Drygalski Fjord & Cooper Bay
First thing this morning, we were excited to see the rugged, snow-covered mountains of South Georgia looming directly ahead of us. We had arrived at the southeastern end of the island, which is composed of ancient sections of continental rock that are very similar to the mountains we saw at the Antarctic Peninsula. It is worth noting here that the geology of the northwestern end of the island is very similar to that found in Tierra del Fuego at the tip of South America. Geologists tell us that South Georgia was once a bridge between these two continents before it was dragged away to its present position by movements of the Scotia Plate.
The National Geographic Explorer entered the Drygalski Fjord right after breakfast and we cruised several miles inland through the narrow and dramatic waterway all the way up to the face of the very active glacier at its head. It was interesting to watch a large flock of Antarctic terns feeding near the outwash of meltwater streams at one side of the glacier. We also saw many other familiar birds, including gentoo and chinstrap penguins, sheathbills, giant petrels, kelp gulls, and blue-eyed shags in the fjord system.
Cold wind and snow kept most people inside and the Bridge proved to give the best vantage (see image, top L). The mountainsides in this fjord are very steep and seem to rise straight up out of the sea, but we were still amazed to find the water in front of the glacier was more than 700 feet deep!
Drygalski Fjord has been formed by glacial ice scour over many thousands of years working its way down through a weakened joint or fault line between two separate geological formations…to our right (northward) we could see very old continental rocks that were once part of the supercontinent of Gondwana and are dated to more than 200 million years in age, and to our left (southward) we looked at volcanic and metamorphic rocks that formed 140 to 180 million years ago. Unfortunately, the light dusting of recent snow made it difficult to discern the differences.

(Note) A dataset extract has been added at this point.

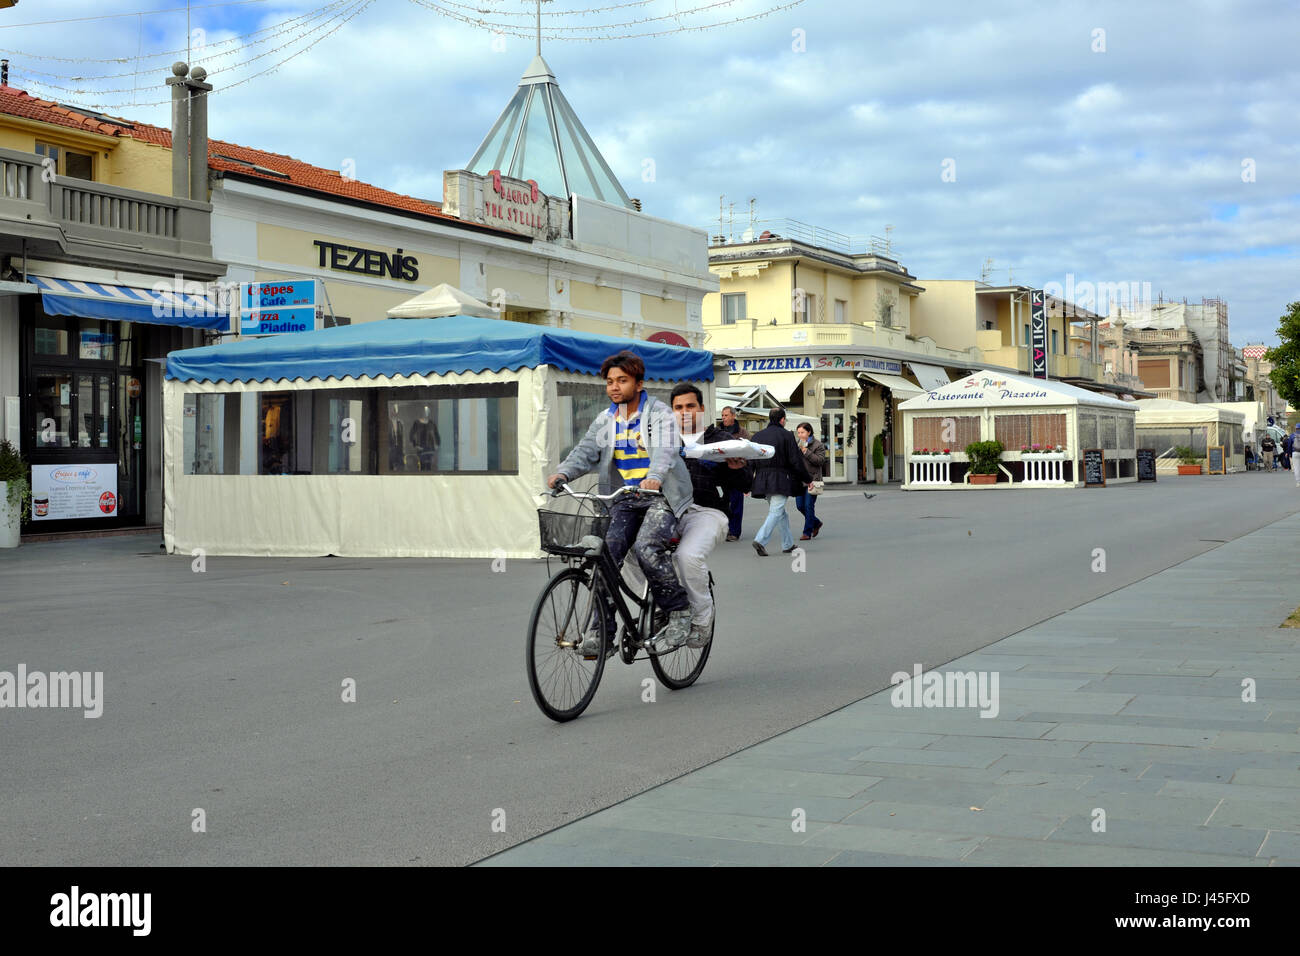 A pranzo il trasporto sostenibile - Due maschi lavoratori asiatici che trasportano il pranzo su una bicicletta - Viareggio promenade, Toscana, Italia, Europa Foto Stock

In the early afternoon, we explored around the eastern end of the island and sailed into Cooper Bay where we could see many chinstrap penguins on one beach, and a couple small groups of king penguins on a smaller, nearby beach, as well as lots of fur seals cavorting near the water’s edge. Strong winds, sleet, and a heavy swell helped us decide to return to Drygalski Fjord and explore the more protected waters within a tributary fjord known as Larsen Harbour with our Zodiacs.
Even with snowy conditions, we happily set off to see what we could find in this magnificent waterway named for Carl Larsen, captain of the Antarctic which explored South Georgia and was destroyed by ice in the Weddell Sea during the Swedish Antarctic Expedition of 1901-1903. Larsen survived that ordeal and came back here the following year to establish the first whaling station on the island at Grytviken, in Cumberland Bay. Whales were so common around these waters at that time that six other whaling stations were soon established in bays along the northern coast. We saw no whales today within the fjord system, but we did encounter other marine mammals, i.e. pinnipeds. Young fur seals played around our boats as we maneuvered about in the kelp beds, and a lone Weddell seal, which is quite rare in these waters, approached a couple boats to investigate us (see image, top L).